Keen to avoid a repeat of this, the European Commission invested €5.4 billion in the sugar sector between 2006 and 2010 so it could “carefully prepare for this moment”.
It set up the Sugar Market Observatory which gives farmers short-term analysis and statistics about the sugar market, and it will also keep in place various measures from the Common Agricultural Policy (CAP) to cushion the blow of potential market disturbances. These include “substantial” import tariffs for cane sugar, private storage facilities and farmer income support..
Cane tariffs: Still a bitter pill to swallow
While these support measures are surely a relief for beet farmers, the CIUS opposes the restrictions on sugar cane. It argues that food and drink makers need direct access to alternative sources of sugar in case of beet supply shortages.
It is also a very bitter pill to swallow for sugar cane processers.
While cane sugar grown in European overseas departments such as French Reunion Island or Martinique will not be affected, European refiners that import the raw material from producer countries will continue to be hard hit, as was already the case under the 1968 - 2017 regime.
British cane processor Tate & Lyle Sugars is one. “Europe has undoubtedly adopted a cheap white sugar policy but it still has an expensive raw sugar policy,” its senior vice president Gerald Mason told FoodNavigator.

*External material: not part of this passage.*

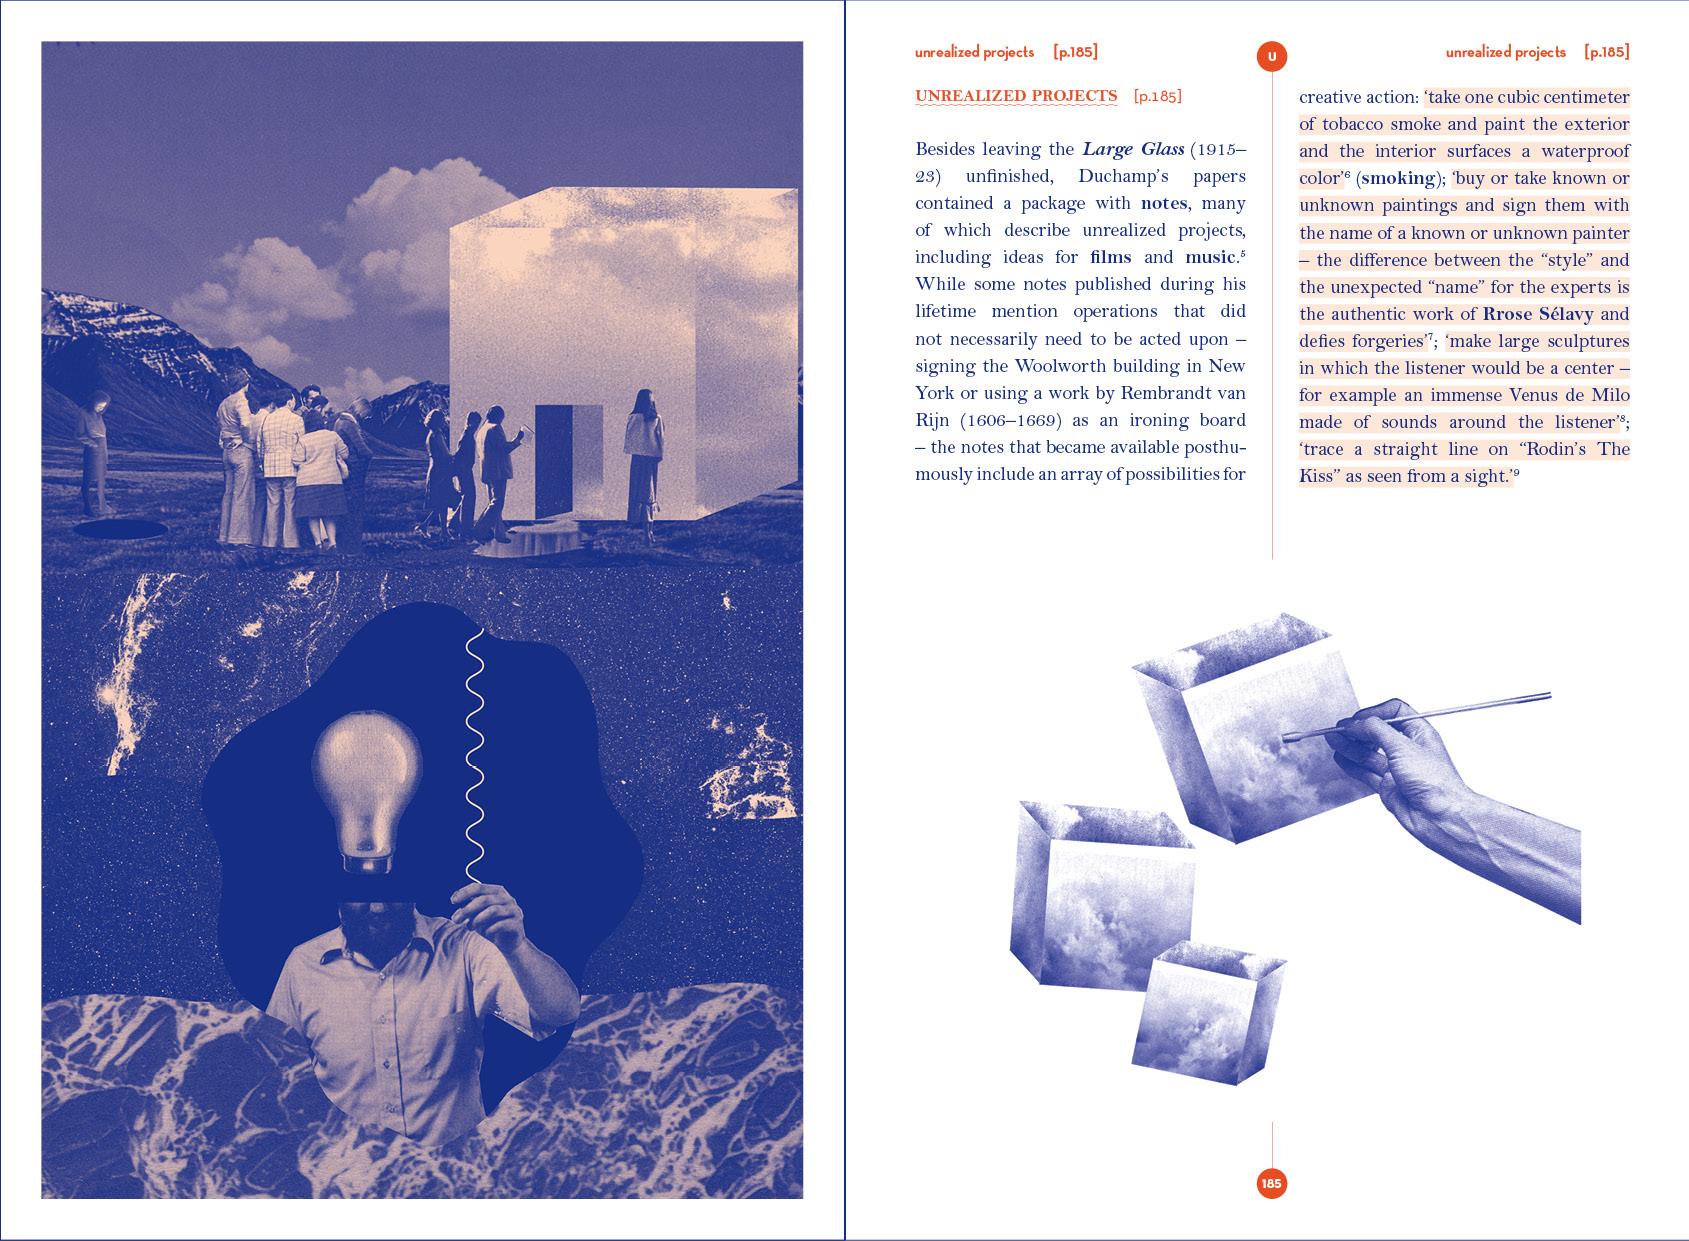 The Duchamp Dictionary

“We are still very heavily constrained. Simply because there are more beet sugar producers than cane refiners, we could never get a fair deal when the regulations were discussed. It’s very disappointing and that’s why we look forward to the UK having control over its own sugar and trade policy.”
Tate & Lyle Sugars was a vocal campaigner in favour of Brexit ahead of the referendum, even sending an open letter to its workforce pushing for a yes vote.

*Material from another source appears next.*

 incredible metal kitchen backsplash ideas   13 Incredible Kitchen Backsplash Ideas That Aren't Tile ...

But UK policymakers were always in favour of a regulatory environment in which cane and beet producers were treated equally, Mason said, and Tate & Lyle expects this will continue to be the case after the UK leaves the EU.

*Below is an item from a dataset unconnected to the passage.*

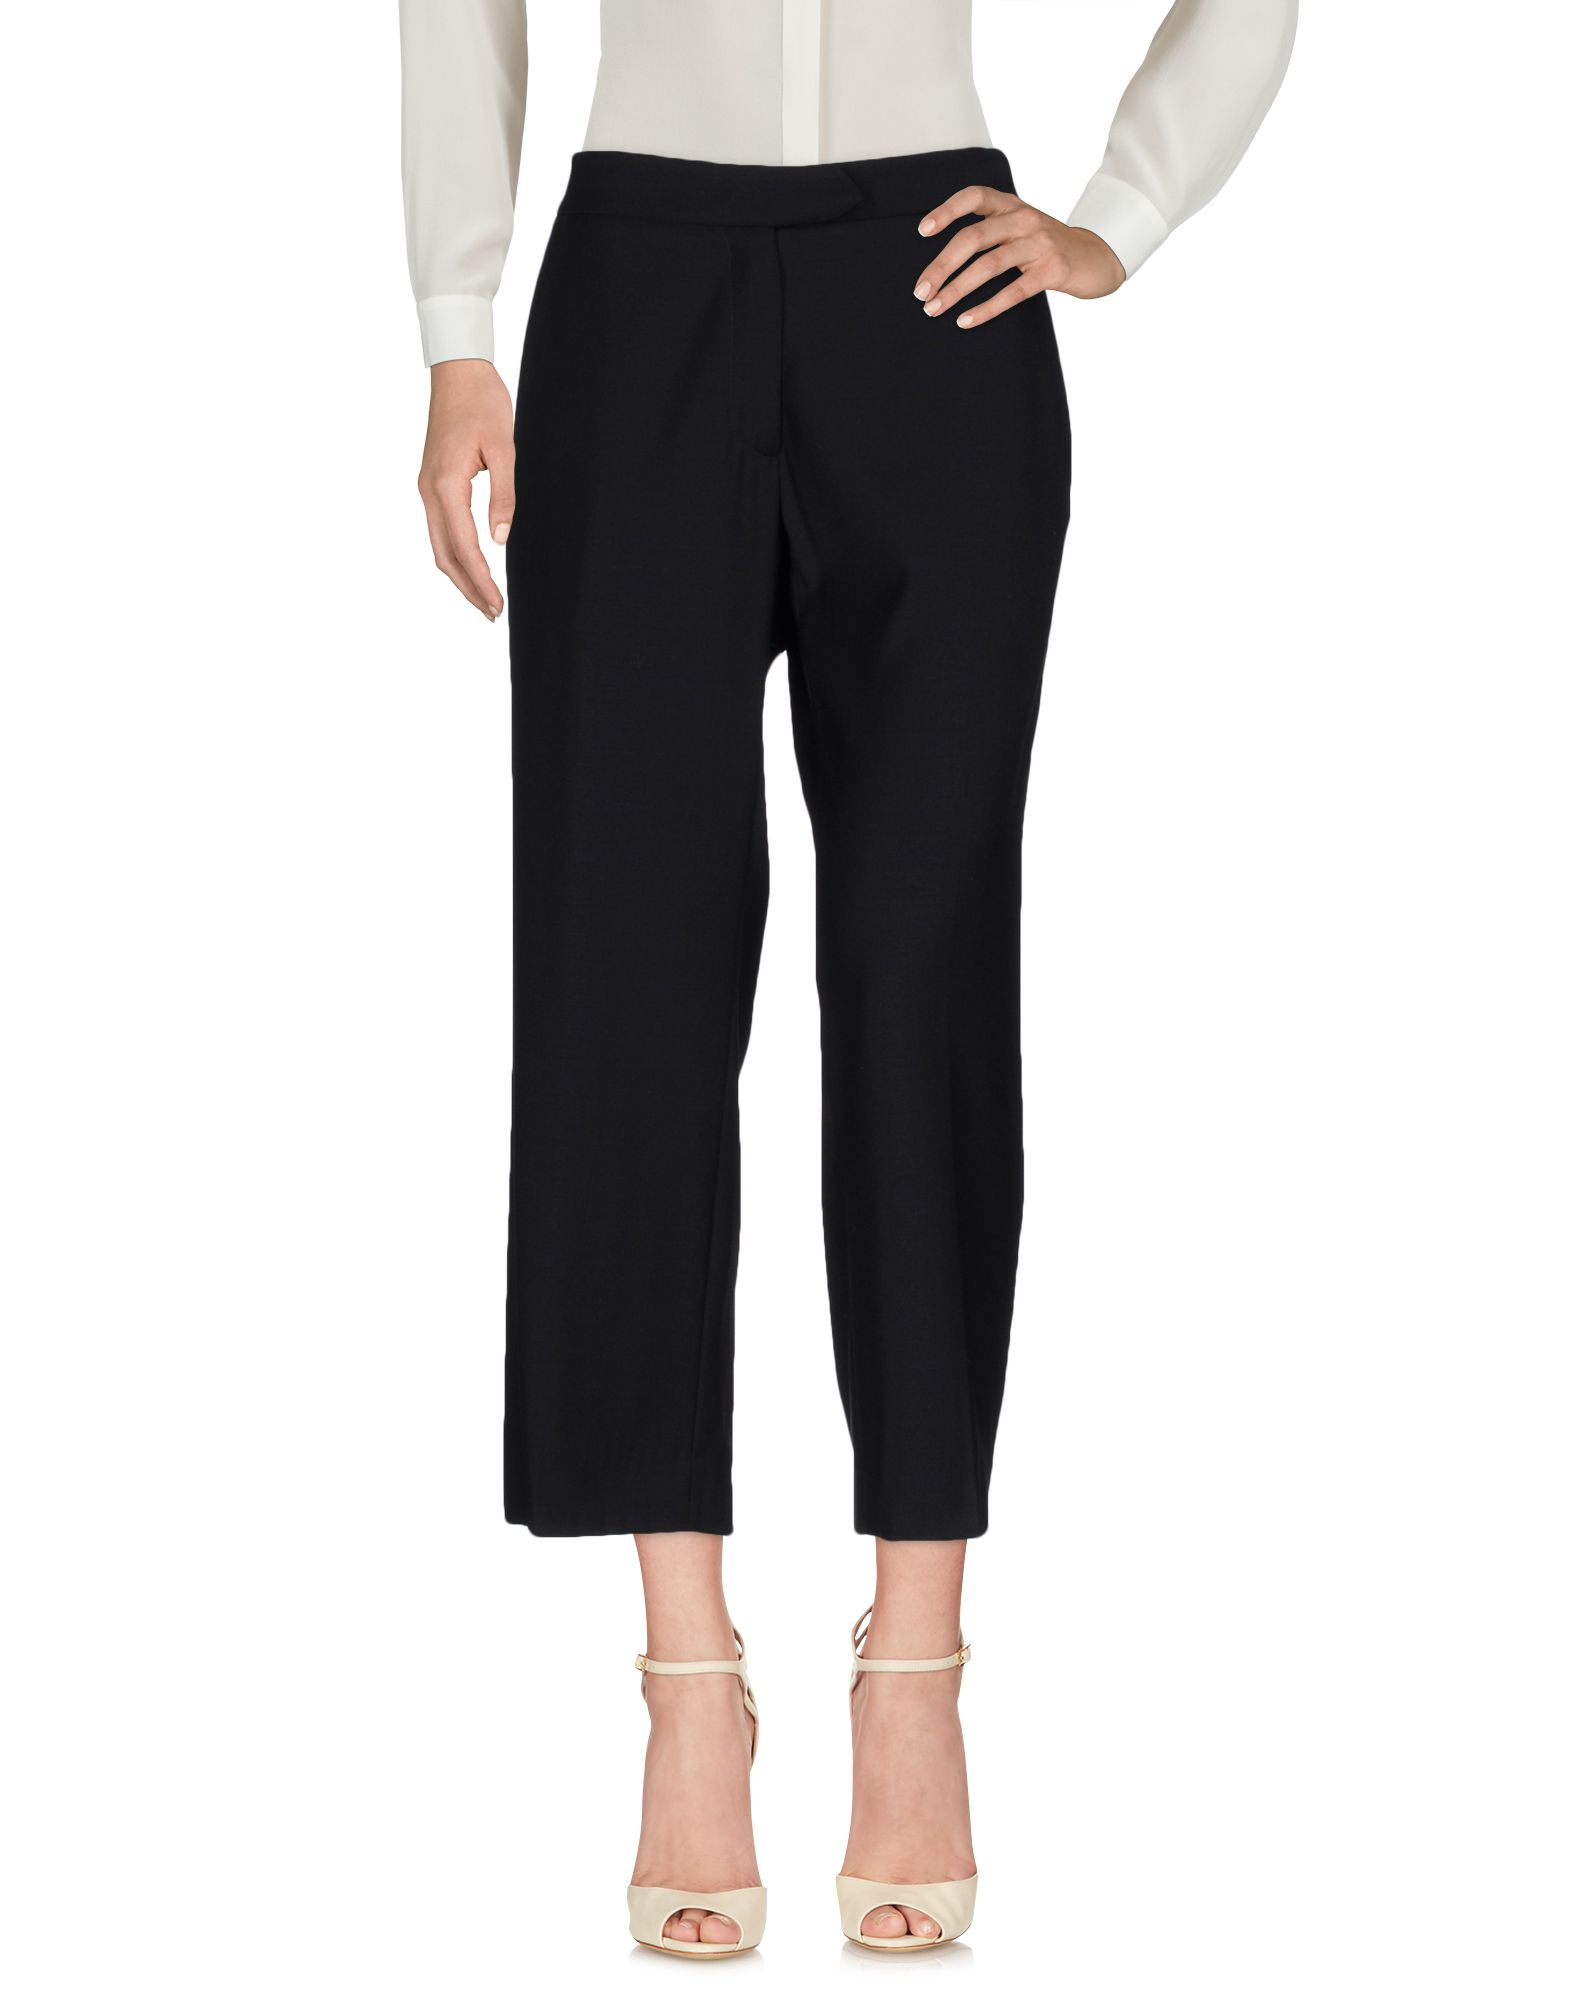 PREEN by THORNTON BREGAZZI Damen Hose Farbe Schwarz Größe 4

‘The worst possible policy for public health’
Cane processors are not the only stakeholders who believe Brexit offers some light at the end of the tunnel.
For public health campaigner and emeritus professor of nutrition policy at London Metropolitan University Jack Winkler, the end of the sugar regime is “the worst possible policy at the worst possible time”.
“Abolition will lead to more sugar at lower prices,” said Winkler, “and this comes right in middle of an obesity epidemic. We need less sugar but at higher prices. That means not abolishing quotas but bringing them back.”
The Commission has played down concerns for Europeans’ health: “EU sugar consumption is expected to remain stable or slightly decline […] as much of the increase in output will either compensate for decreasing imports or help to boost export sales,” it said.
But Winkler is dubious that manufacturers – even those with the best reformulation intentions – will be able to resist the temptation of cheap sugar as a filler ingredient.
For the UK, Brexit is a silver lining
Brexit, therefore, could offer a silver lining in allowing the UK government to develop a post-Brexit sugar policy that both benefits farmers and protects public health, he said.
Together with Tam Fry, head of the Obesity Coalition, Winkler has been campaigning the UK government to reinstate a support price for beet farmers at “a very high level, more than has existed at present or in the past” along with beet production quotas that are just enough to cover domestic demand.
They also want import controls to stop big cane-producing countries like Brazil and Thailand selling cheap cane sugar to manufacturers.
Winkler and Fry recognise that, in this scenario, “the losers would be manufacturers, paying more for ingredients. But they are already committed to sugar reduction. Higher prices would give them economic, as well as moral, incentives to use less.”
Nor would it likely be a popular policy for cane processors, who want to be placed on a level playing field with beet producers. Mason said: “From a heavily regulated system to a completely free market, we can cope in any of those scenarios – as long as cane and beet are treated equally.”